Task directions:
Everything from the line containing "32 Free Teddy" through the line containing "Alex Scott raising" should be repeated exactly, and nothing else from the data.
Given data START
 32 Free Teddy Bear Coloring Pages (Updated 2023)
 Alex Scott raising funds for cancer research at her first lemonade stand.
Given data END
Given data START
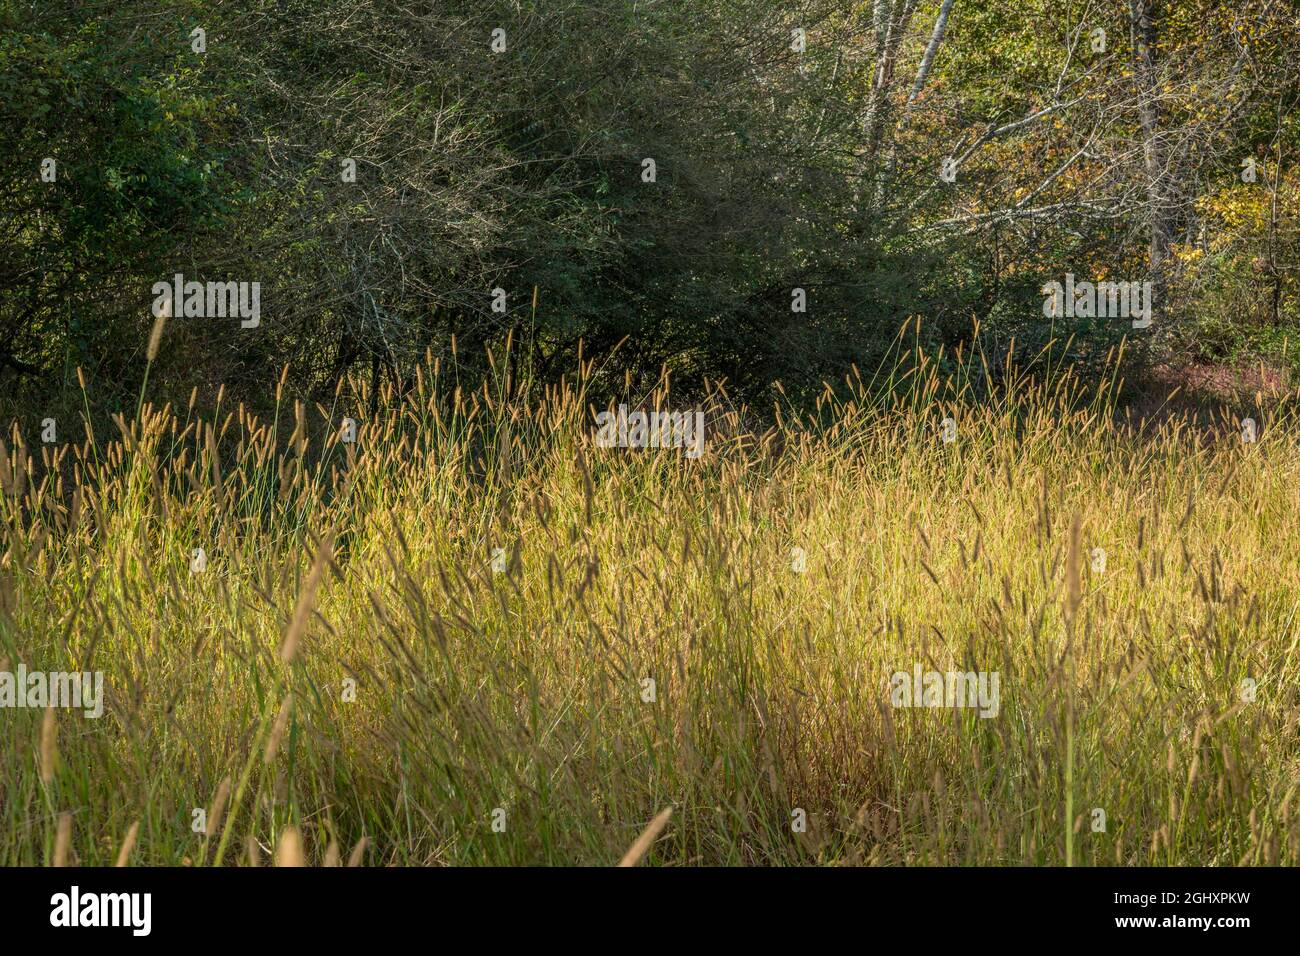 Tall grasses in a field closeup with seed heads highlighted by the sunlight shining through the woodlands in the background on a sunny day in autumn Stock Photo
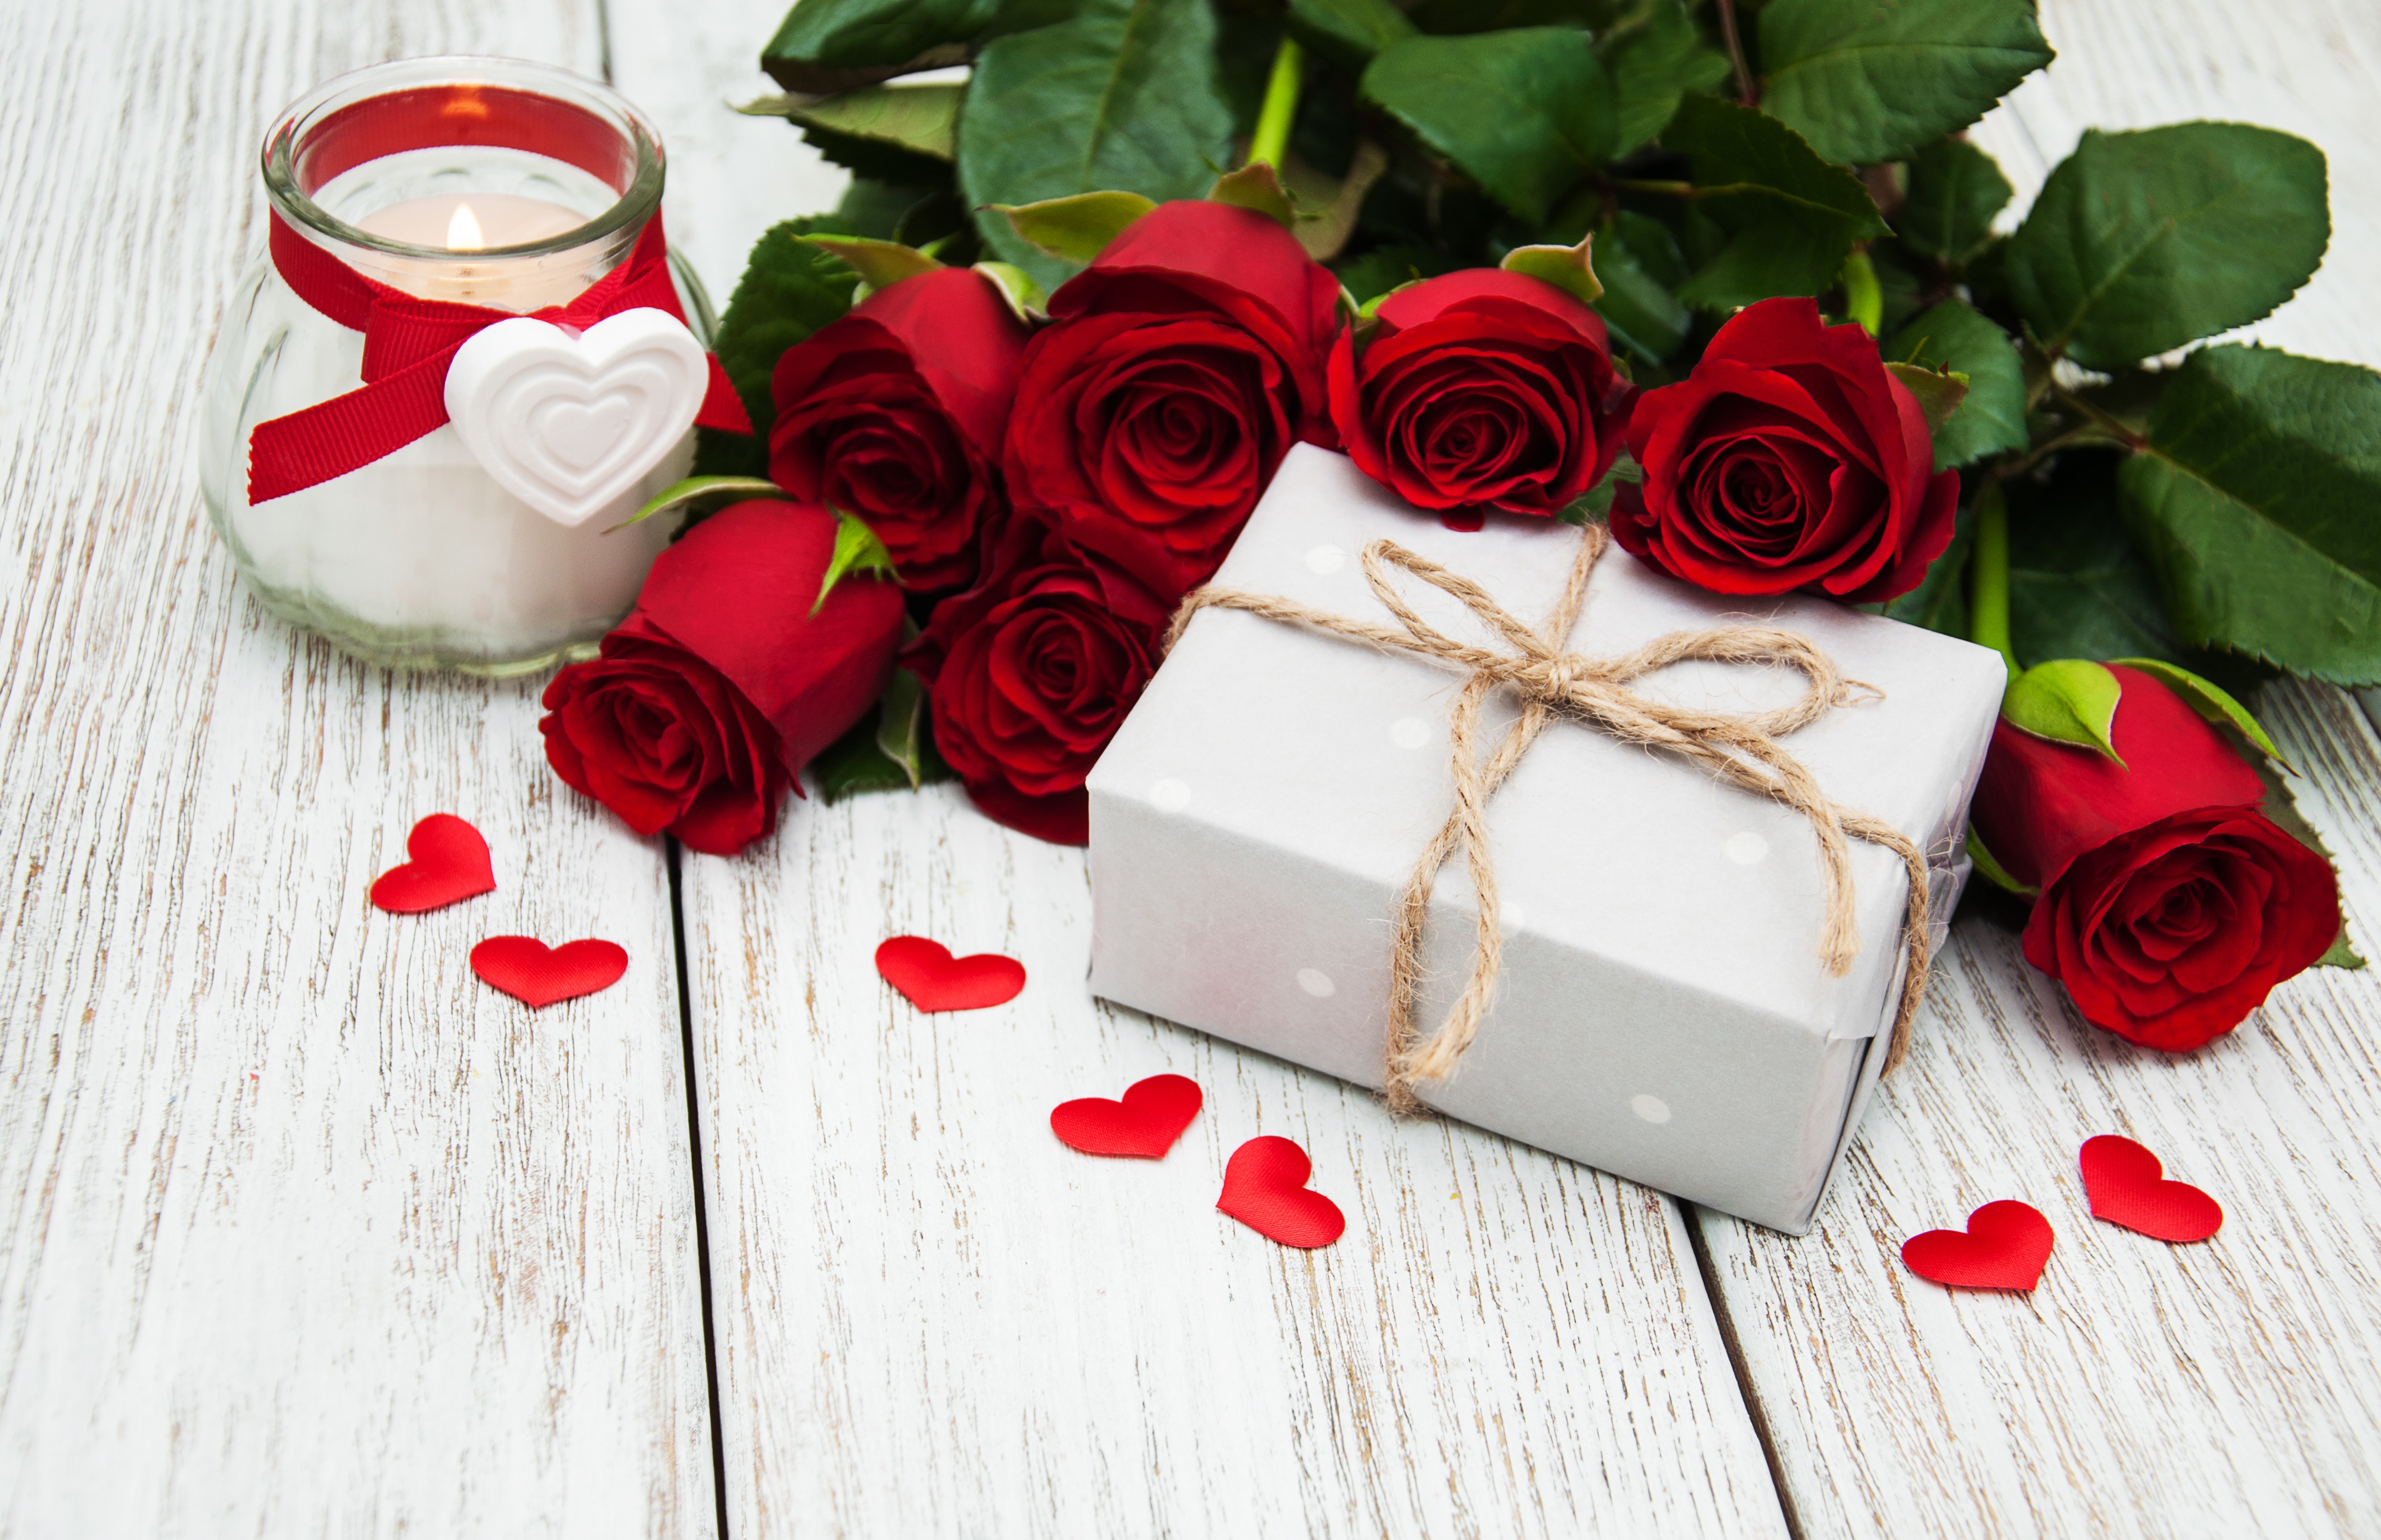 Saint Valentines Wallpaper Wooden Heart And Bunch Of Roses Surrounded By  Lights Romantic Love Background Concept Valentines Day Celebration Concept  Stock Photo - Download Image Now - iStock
Given data END
Given data START
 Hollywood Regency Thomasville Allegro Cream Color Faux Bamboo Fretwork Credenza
Given data END
Your response:
 32 Free Teddy Bear Coloring Pages (Updated 2023)
 Alex Scott raising funds for cancer research at her first lemonade stand.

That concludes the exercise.